At his last two hearings, the US consul to Egypt was refused entry to the court, and Soltan has had to be ferried to his last four court appearances in an ambulance.
A video message by Soltan was smuggled out of prison in May. In it he pleaded with Barack Obama to intervene in his case and said he had gone on hunger strike because of what he had learnt growing up in the US.
“I chose to start a hunger strike…because I was brought up a free man,” he said. “My decision was to peacefully challenge and resist oppression and tyranny. That even if the Egyptian military is able to jail me, and my government insists on abandoning me, I still control my own destiny. That to me is being free.”
“If I’m still alive then I ask my government, the United States of America government: is my life not worth anything to you?”

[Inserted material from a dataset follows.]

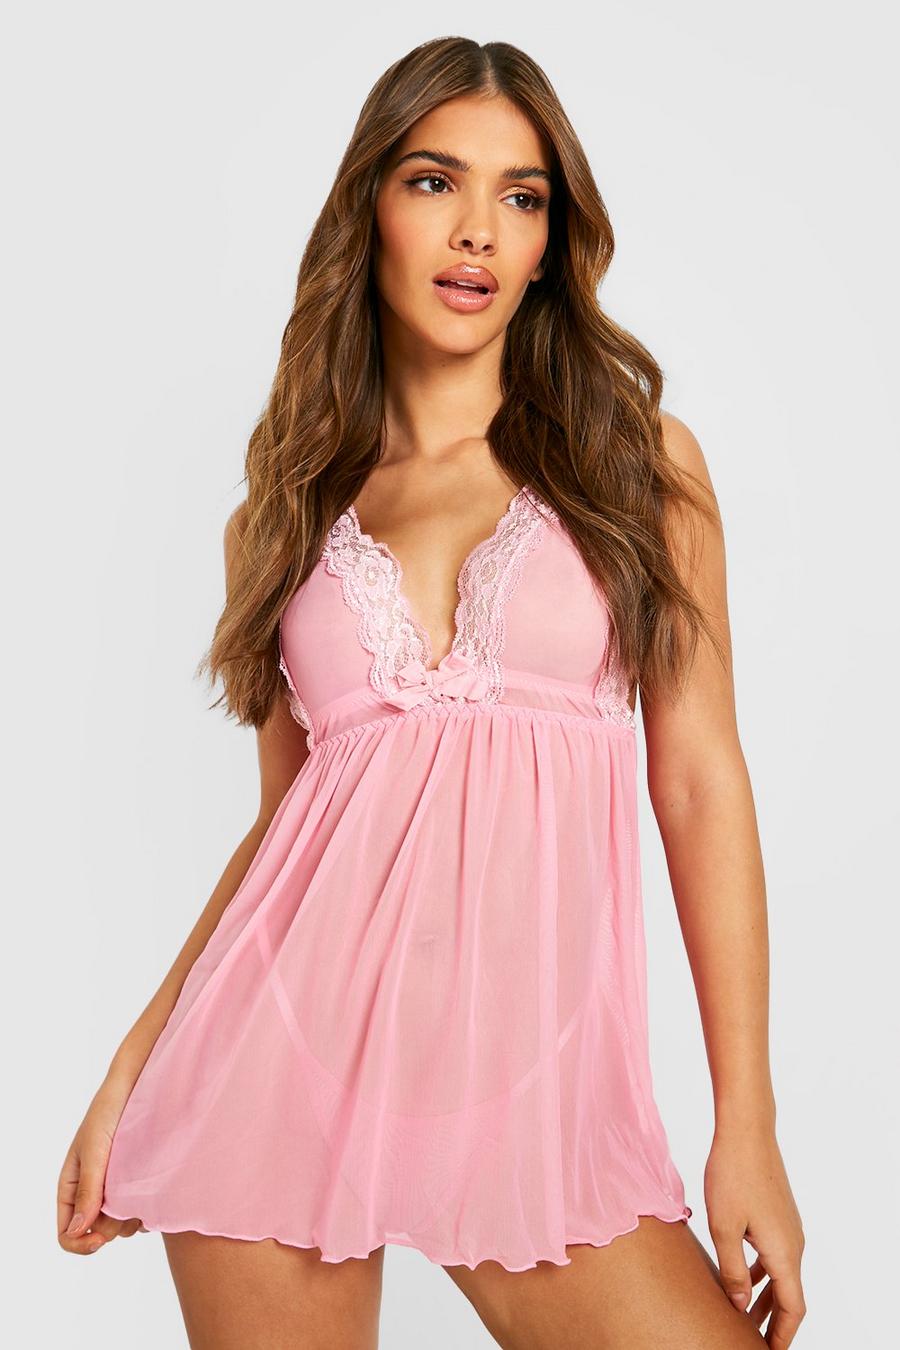 Blush pink Mesh and Lace Babydoll and String Set

Others due in court on Saturday include 20-year-old Sana Seif, sister of the recently released activist Alaa Abdel Fattah.
Seif has been on hunger strike for 44 days, in a bid to pressure the Egyptian government into releasing political prisoners. Hundreds of other prisoners across Egypt are reported as having joined a mass hunger strike to protest their continued imprisonment.
Her brother Abdel Fattah, a well-known blogger and activist, is currently on bail awaiting a retrial on charges of violating the protest ban.
Egyptian monitoring group Wikithawra has reported more than 41,000 people have been jailed for politically motivated reasons since a popularly backed military coup last year ousted elected Muslim Brotherhood leader Mohammed Morsi as president.